Cheats have fizzled out in recent years, and it’s difficult to pin down the reasons why. Is it because modders and game hackers already have their ways of circumventing problems? Is it because games often have an online multiplayer component, and cheats wouldn’t be fair? Is it just because games are easier now?
I think it might be to do with how games are designed now, and partly just a product of the time. Cheats were something exciting and rare in the early 2000s, and technological advances have made it less of an Indiana Jones-style gauntlet and more of a boring search-engine slog.
When dial-up was still around, a search for cheats would require navigating the baffling Ask Jeeves site, working out how to print, making sure it was quiet enough that your parents wouldn’t realise you were printing out an entire manual’s worth of game guides because it probably cost them a week’s food budget in ink, and then having your efforts thwarted by your sibling using the phone, cutting you off from your precious supply of game codes.
So to find out that Final Fantasy 7 on iOS has a cheat menu that can max out your characters’ stats at any time, and that Rare Replay — featuring games from as far back as 1983, before your parents even owned a printer — also has cheat codes and a rewind feature — well, it just feels a bit weird.
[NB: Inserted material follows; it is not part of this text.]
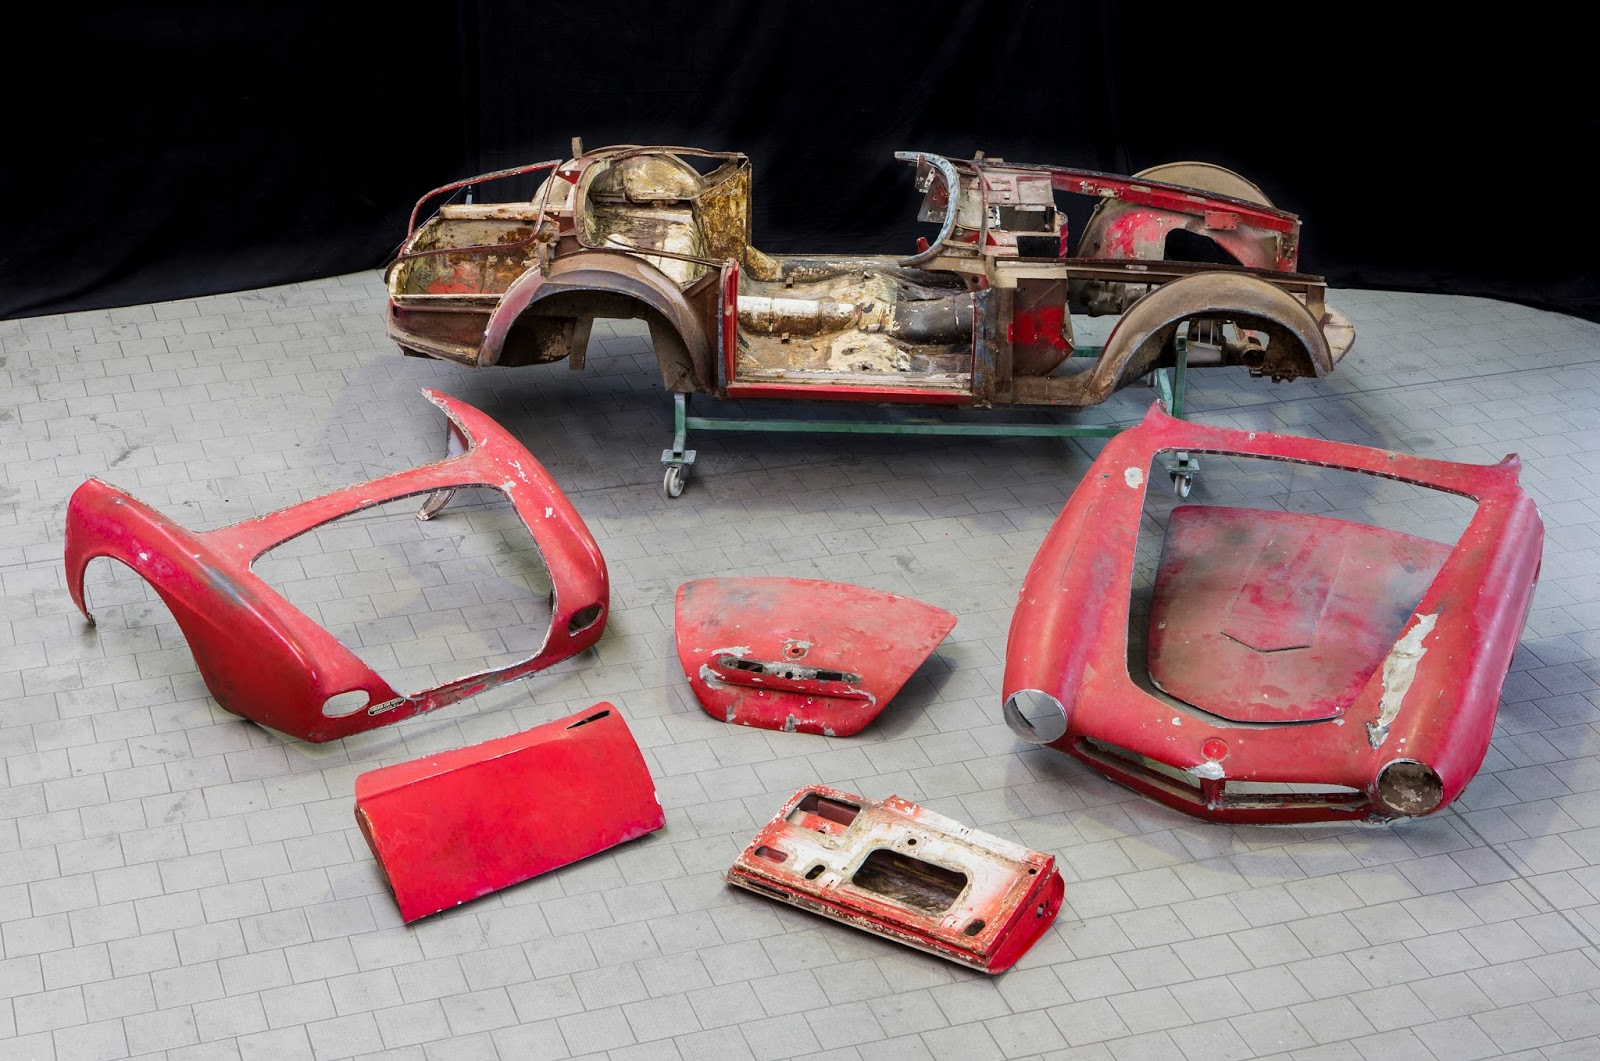 P90229711 highRes restoration of elvis 1 Η επιστροφή της μυθικής BMW 507 του Elvis στο Concours d'Elegance, Pebble Beach autoshow, BMW, BMW 507, Classic, Concours d'Elegance, Roadster, zblog

It doesn’t fit with how we play games today. At some point, developers just stopped using cheat codes.
Cheats in the early days of gaming, from the Konami Code to frantically copy-pasting «rosebud ;!;!;!;!;!;!;!» to max out your Sim family’s funds, cheats existed to make a game more fun, more exciting, and often more accessible. They were cheats in the literal sense of the word, sure, but they never felt like you were cheated out of an experience; they were part of the game. And who could forget how much fun the flying cars cheat in GTA 3 was?
Now, games are already pretty accessible. We have tutorials — they didn’t exist in a lot of older games — and manuals, online guides, tips, tricks, exploitable bugs, mods, hacks, replenishing health, and so on. When games became bigger, so did their scope, and that’s why it’s so difficult to imagine using the Konami code in The Witcher 3 to give Geralt maximum damage or — I don’t know — a big hat. What would be the point? Games like that are built to be explored in their virgin state, and their difficulty is part of the story and the experience designed for you by the developers, not a system to be bypassed.
But the argument could easily be turned the other way around. Say a child picked up Final Fantasy 7 on iOS, and found it complicated, off-putting and time-consuming — it isn’t hard to imagine a JRPG being any of those things. Should we force the young mind to play it the way we think it should be played — the way we did? Or is it fairer to give them the option to soften the game’s sharper edges for an easier introduction to one of the best series of all time?
Maybe games are getting soft. Maybe they’re all too easy, too forgiving, too accessible — but have you ever tried playing The Sims without some kind of money cheat? It’s just real life, and real life is boring. Bring on the cheats, the mods and the hacks. Let’s keep avoiding reality.